The Norwood is complicated and risky. And if it worked, six months later Spencer would need another operation to remove the plastic shunt and to sew his upper body vein directly onto his lung artery. When he was 5 years old, a third operation would build a wall in his heart to separate circulated blood from oxygenated blood.
"Three open-heart operations before he was even 6 years old," Chris remembers thinking. "How do you put a kid through that?"
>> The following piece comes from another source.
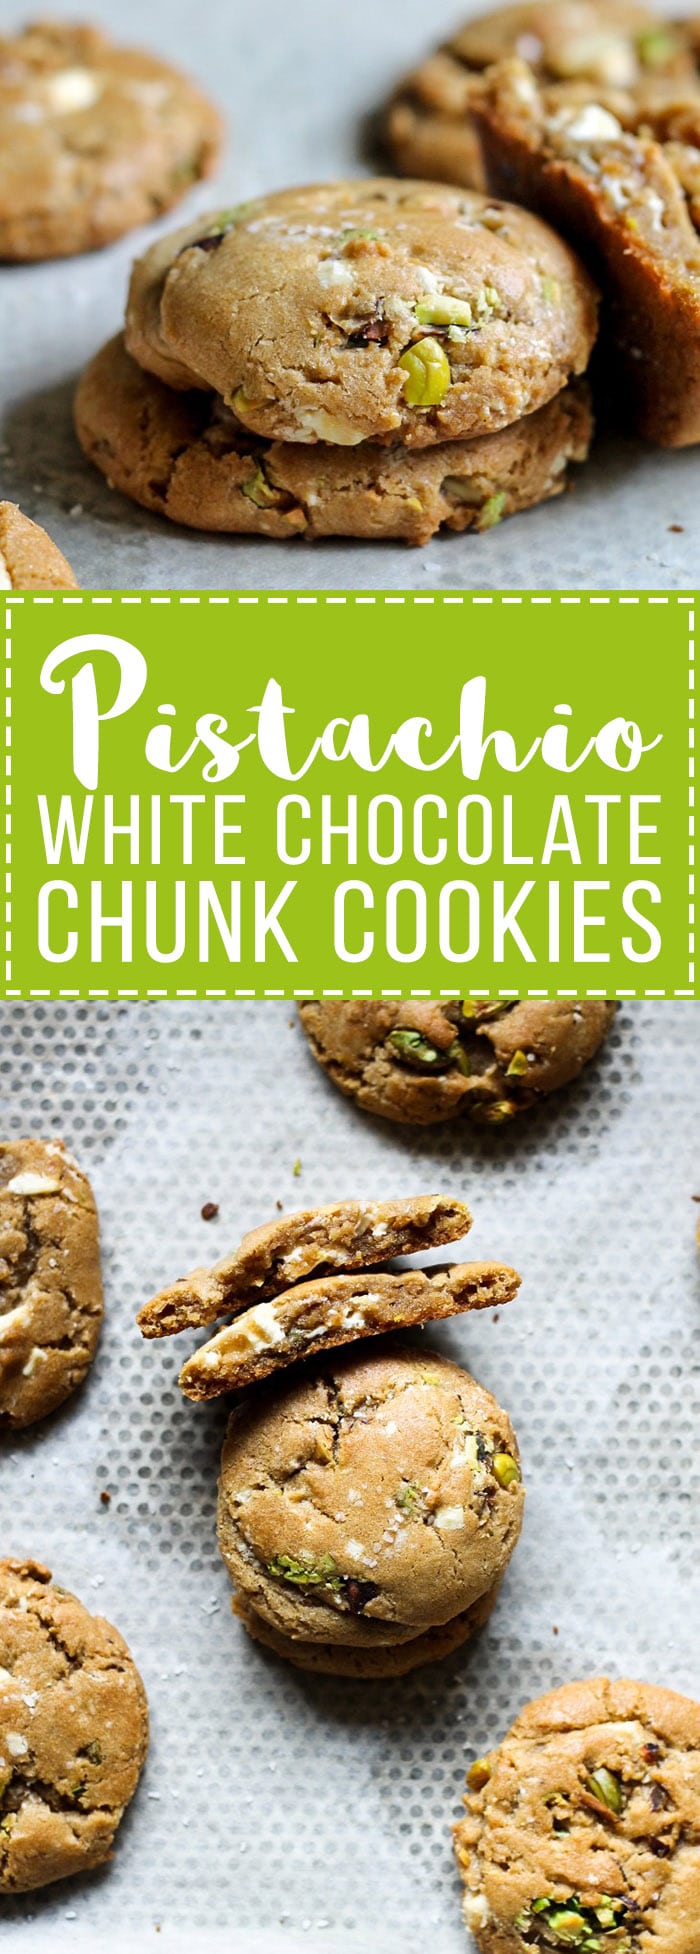 These Pistachio White Chocolate Chunk Cookies are made with a browned butter dough and filled with chopped white chocolate and pistachios. These unique cookies are incredibly delicious!

The only other option was a transplant. More frightening. More risky. And more final.
"We decided that the Norwood was the way to go," Chris says. "If it didn't work, the transplant option was still open. You couldn't do it the other way around."
Before their son was prepped for the surgery, another decision. They agreed that if Spencer died on the table, his infant organs should be donated for transplant.
The surgery took 10 hours. Spencer was 3 days old.
When the surgeon came out of the operating room, he deemed the procedure a success. Ellen and Chris sighed their relief for the first time since the Coral Springs neurologist walked in with downcast eyes.
"Five years ago it wouldn't have been available; it couldn't have happened," says Chris.
Three weeks later, they took their son home. They began thinking about the future. But a surgeon's declaration of success can be a fickle thing. Even after you think you've won, the repercussions of decisions can continue to fall.
Life sucks
That's what the face said, tiny and pale, pinched and furrowed. He was 4 weeks old and miserable. Five weeks old and constantly irritated. Six weeks old and not a hint of a coo or sign of a smile.
"He was screaming all of the time," Chris says. "You'd try to comfort him, but you could tell he was just so uncomfortable."
Spencer went home to Boynton Beach, but it was a shaky homecoming.
"They just kept telling us it was colic, not to worry. But it was the hardest thing I've ever tried to do in the world, to console him and just not be able to do a thing," Chris says.
For five weeks they rocked, carried, bounced, fed and worried that the Norwood had been a bad bet.
On the first day of August, Ellen became concerned about Spencer's sweating (a sign that the heart is working very hard) and a reluctance to eat (because of a lack of energy and breathlessness).
"One of the nurses in Miami had told us that we'd know if there was trouble if there was a change in eating habits," Ellen says.
So the couple made a decision to drive down to Miami and have him checked out, "really just for peace of mind," Ellen says.
Doctors did an echocardiogram. The Norwood had not been enough -- the right side of Spencer's heart was working too hard. On Aug. 9, doctors at Miami Children's inserted a catheter into the baby's failing heart to keep him alive.
"But it wasn't a death sentence," Chris says. "They said there was still an option. The only one left."
Weighing options
The Crawfords knew little about transplantation.
"When they said it, all I could think about was the boy in the bubble," says Chris. "I could only envision Spencer having to be guarded from everything, every infection, every contact with the outside world.
"I couldn't see him with other children; I couldn't see him as normal."
A parent's first reaction is "to say yes, of course, we'll do anything to save our son," Ellen says. "But the people who know what transplantation is all about warn you to think deeper than that."
How does a family cope with a lifelong illness? What effect does the constant care of one child have on the other? What quality of life would Spencer have?
"I know this sounds weird, but I thought of him never being able to go to Disney World as a child, how unfair that would be," Ellen says.
They asked for a day to decide and stayed up all night, weighing alternatives, trying to see into a future, talking out each month, each birthday that might or might not come.
In the world of pediatric heart transplants, one in four children die waiting for donor organs. Twenty percent die within a year. Thirty percent won't make three years.
How much more devastated would they be if they bonded with their son another year, or longer, only to have the transplant fail? They couldn't decide.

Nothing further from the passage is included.